From the sound of her breathing, Bambi knew that Jenny fell asleep almost immediately.
Well, compared to what she's been through recently, I guess sleeping under a plane wing and hoping you won't be arrested in the middle of the night is probably pretty restful. For that matter when I consider what's happened to her, I realize how lucky I am.
A moment later, Bambi fell asleep too.

AN HOUR LATER. RUINS OF TERRE HAUTE, THE DOMAIN. 11:30 PM CENTRAL TIME. THURSDAY, MAY 7, 2026.

Terre Haute had grown into a sizable town, back before, because it was a good landing at the big bend of the Wabash; the same fact, plus the convergence of road and rail in the area, had been in Grayson's mind when he had decided to make it the main supply base for his reconquest of the Lost Quarter.

The garrison, just a short battalion of militia, had had almost no warning before the first big flotilla of canoes and rafts had begun landing just upstream of them. The first human wave of tribals—mostly fanatical types that Lord Robert didn't like much anyway—had torn through the waterfront side of the garrison's camp, cutting them off from escape and enabling forces to land downstream of them. Within three hours, well before the full force arrived, Lord Robert's personal guard had been hanging the last of the captured and wounded, while the tribals drummed and celebrated. It had been a good little party, Lord Robert thought.
And these guys really needed to blow off some steam considering how hard they're working and how much they've accomplished.

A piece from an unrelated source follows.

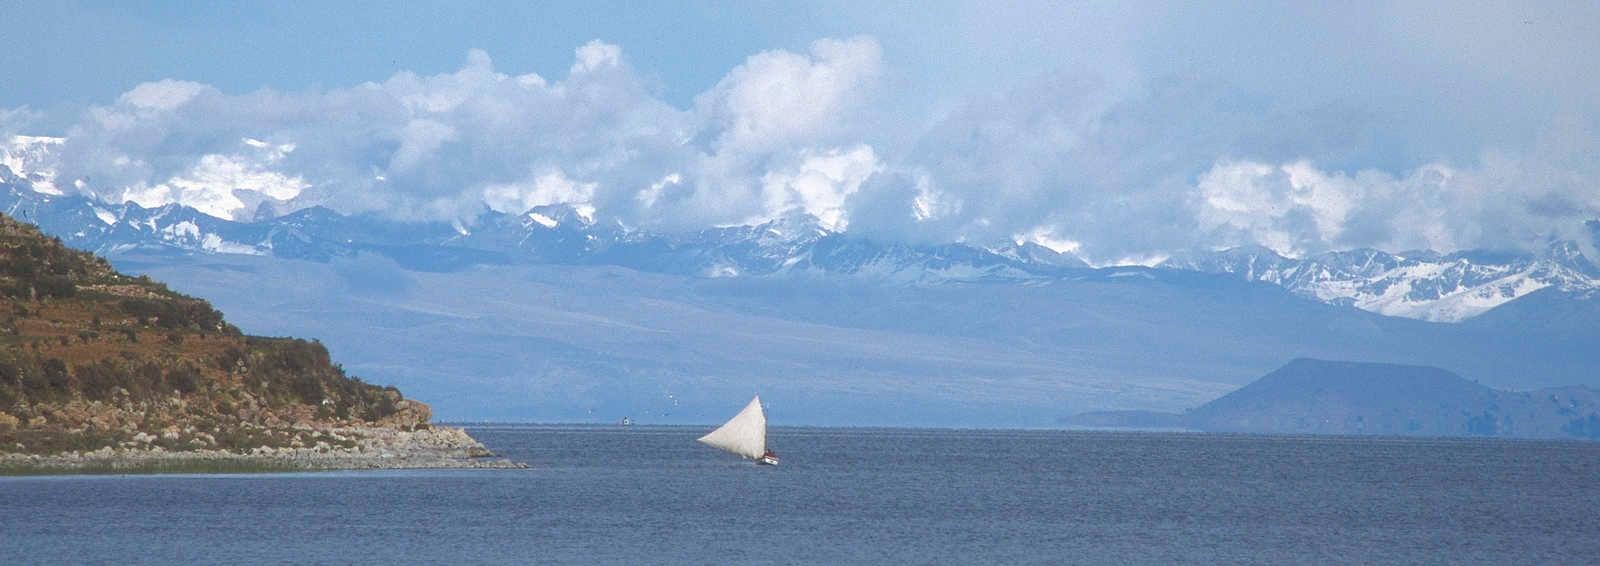 Sailboat by Island of Sun, Lake Titicaca. Cordillera Real behind.
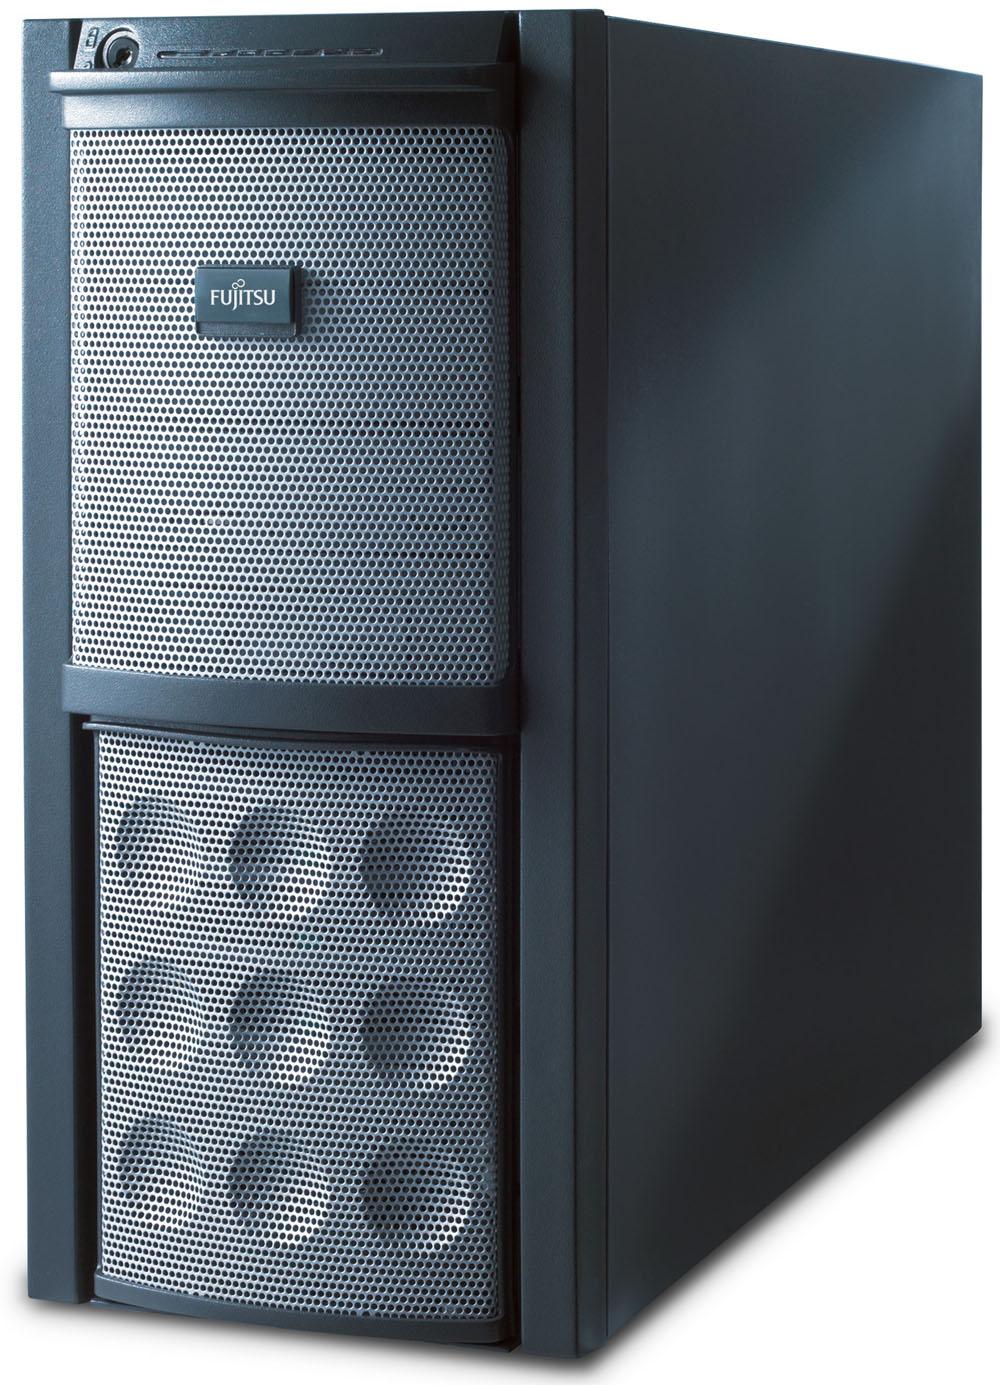 Сервер Fujitsu PRIMERGY TX150 S6 3065 (Tower X2.33GHzDC(4M), 1x1G, SATA RAID 0, 1, 10, no 3,5'HP HDD(4), DVDRWnoFDD, iRMC2, GigEth)

Terre Haute was a good place for the forces to get some rest and to reorganize for the next phase, and the heap of supplies was so large that it took a couple of days for Bernstein and his quartermasters to take inventory and divvy up.

“I still don't get why this is a good idea,” Nathanson was saying to Lord Robert, who was stretched out on an antique couch that had apparently had no synthetic materials, in the main room of a big old mansion he'd made his headquarters.

“Why
what
is a good idea?” Lord Robert took another sip of the high-priced fancy-ass brandy they had found, and decided that it really did taste like cough syrup and he would switch back to bourbon when he wanted another drink, which need not be soon.
Got this sweet life going, not going to lose it because I'm drunk when a guy shows up with a knife.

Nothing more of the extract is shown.